With the introduction of the new rules, economic operators, as well as online marketplaces, have to report suspicious transactions. In addition, economic operators have to verify their customers’ identity and their need for buying a restricted substance. Furthermore, they should only make restricted explosives precursors available to a member of the general public in Member States that maintain a licensing regime in accordance with the Regulation, and only after verifying that that member of the general public holds a valid licence. Member States have to carry out a security screening, including a criminal background check.
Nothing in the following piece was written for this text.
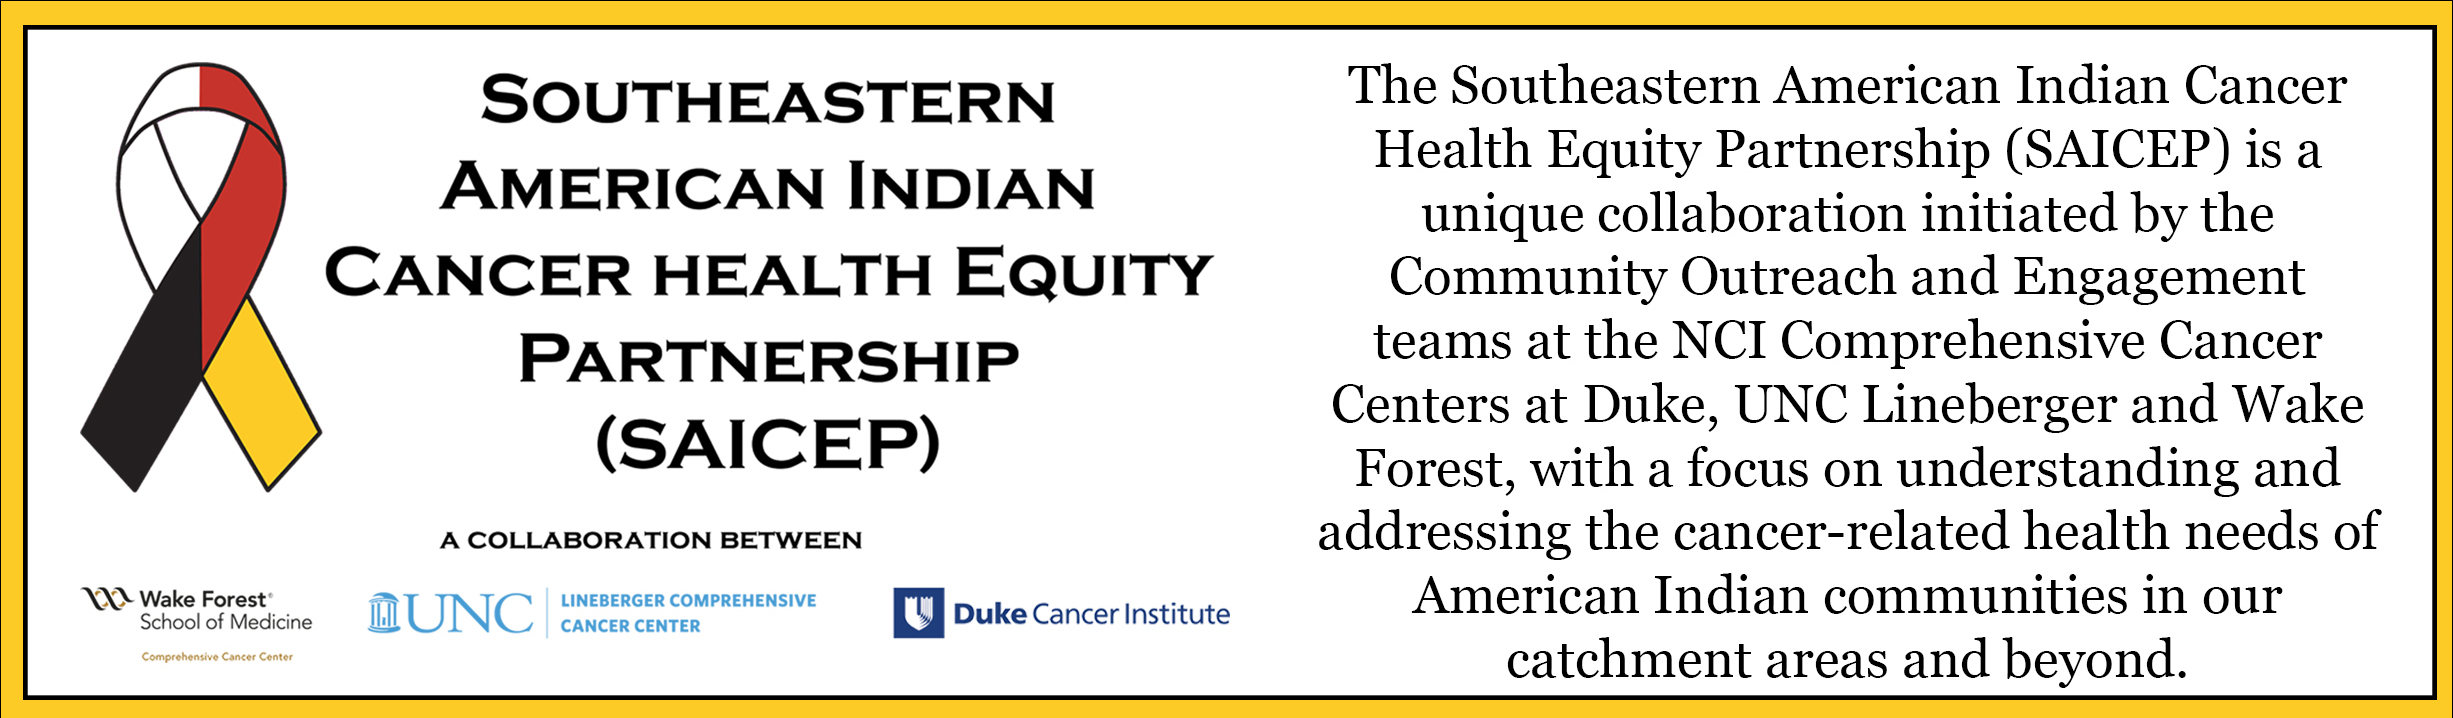 Southeastern American Indian Cancer Health Equity Partnership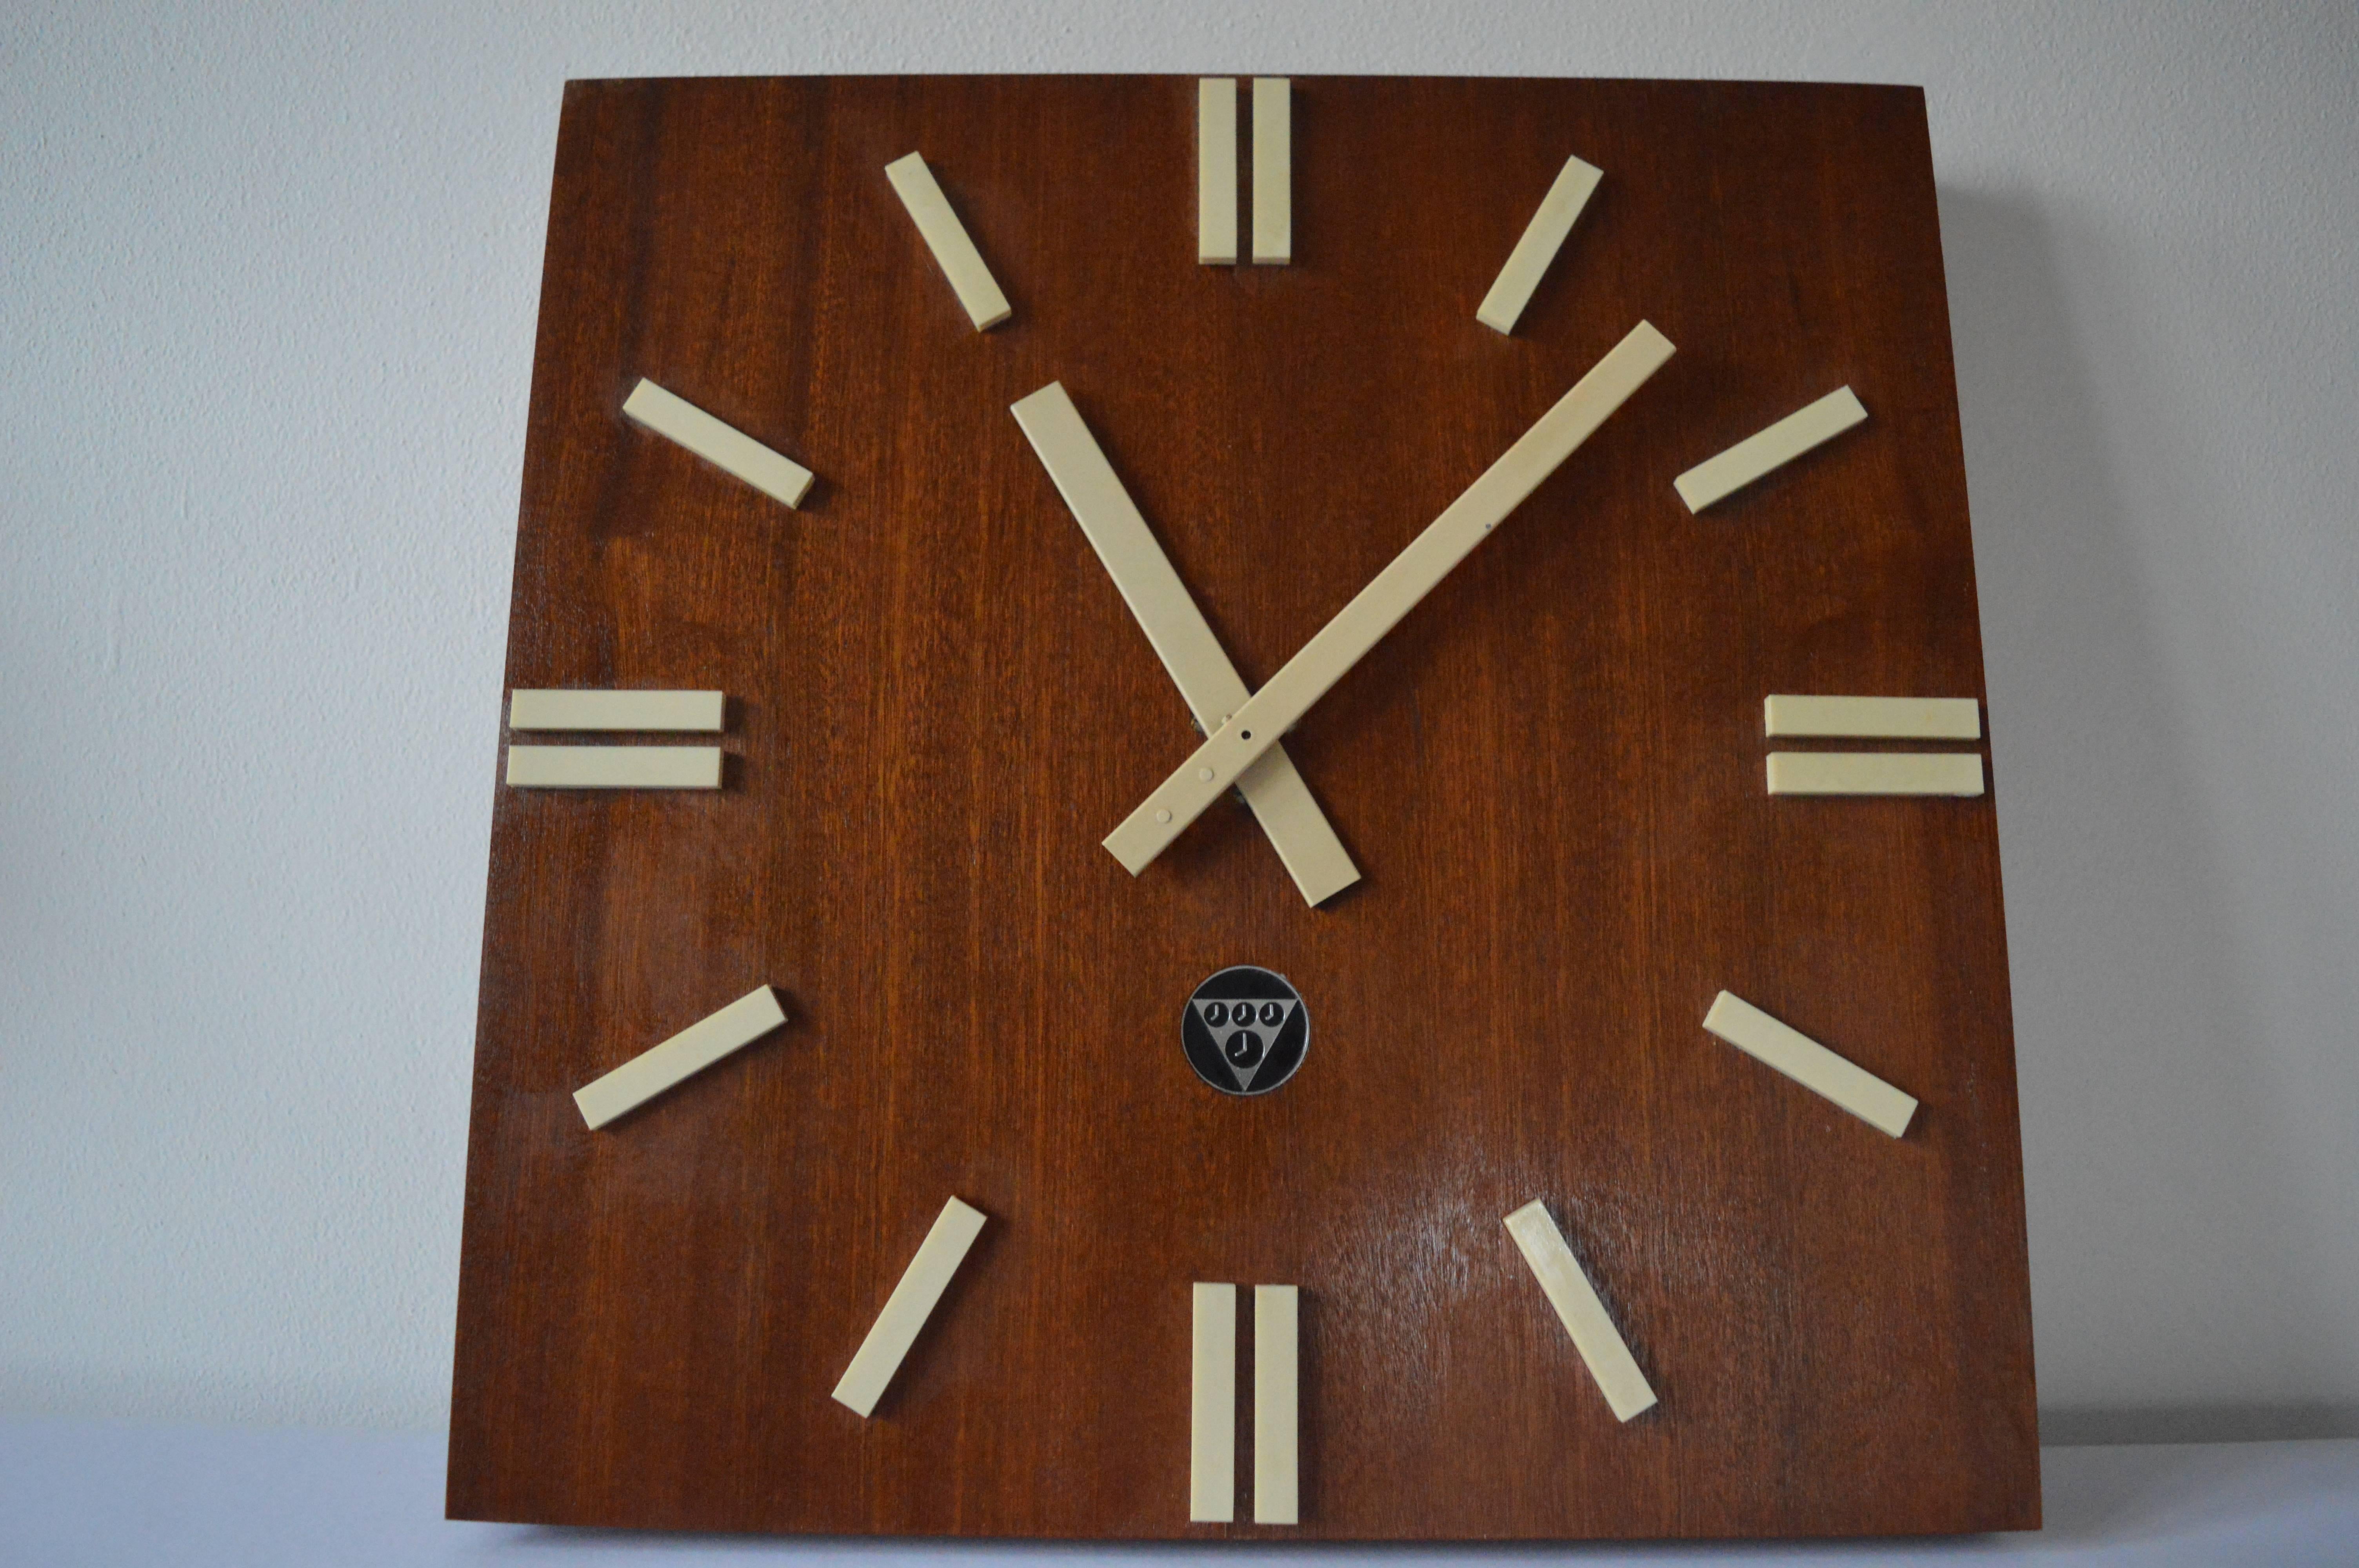 Very beautiful timeless design clock from Czechoslovakia. Mahogany veneer. Originally made for public spaces such as hospitals, offices, schools, factories, railway stations, restaurants. They can be simply transformed into a battery.

Specifically on online marketplaces, the Regulation states that although online marketplaces have to report suspicious transactions, the rules recognize that “online marketplaces act as mere intermediaries between economic operators on the one side, and members of the general public, professional users or other economic operators, on the other side.” Therefore, online marketplaces do not fall within the definition of economic operator, and do not have to comply with the same extensive safety procedures requiring economic operators to train the personnel involved in the sale of restricted explosives precursors or to verify the identity and licence of the prospective customer. However, they remain subject to the same detection and reporting obligations as economic operators. The obligations under this Regulation do not lead to a general monitoring obligation, nor can online marketplaces be held liable for transactions that were not detected despite having the appropriate procedures in place to detect such suspicious transactions.

To assist Member States and economic operators to implement the new rules, in June 2020, the Commission presented Guidelines together with a  monitoring programme  intended to track the outputs, results and impact of the new Regulation. The Regulation strengthens and updates the  existing rules  on explosive precursors, and contributes to denying terrorists the means to act and protecting the security of Europeans, in line with the priorities set out in the Counter-Terrorism Agenda  presented in December 2020.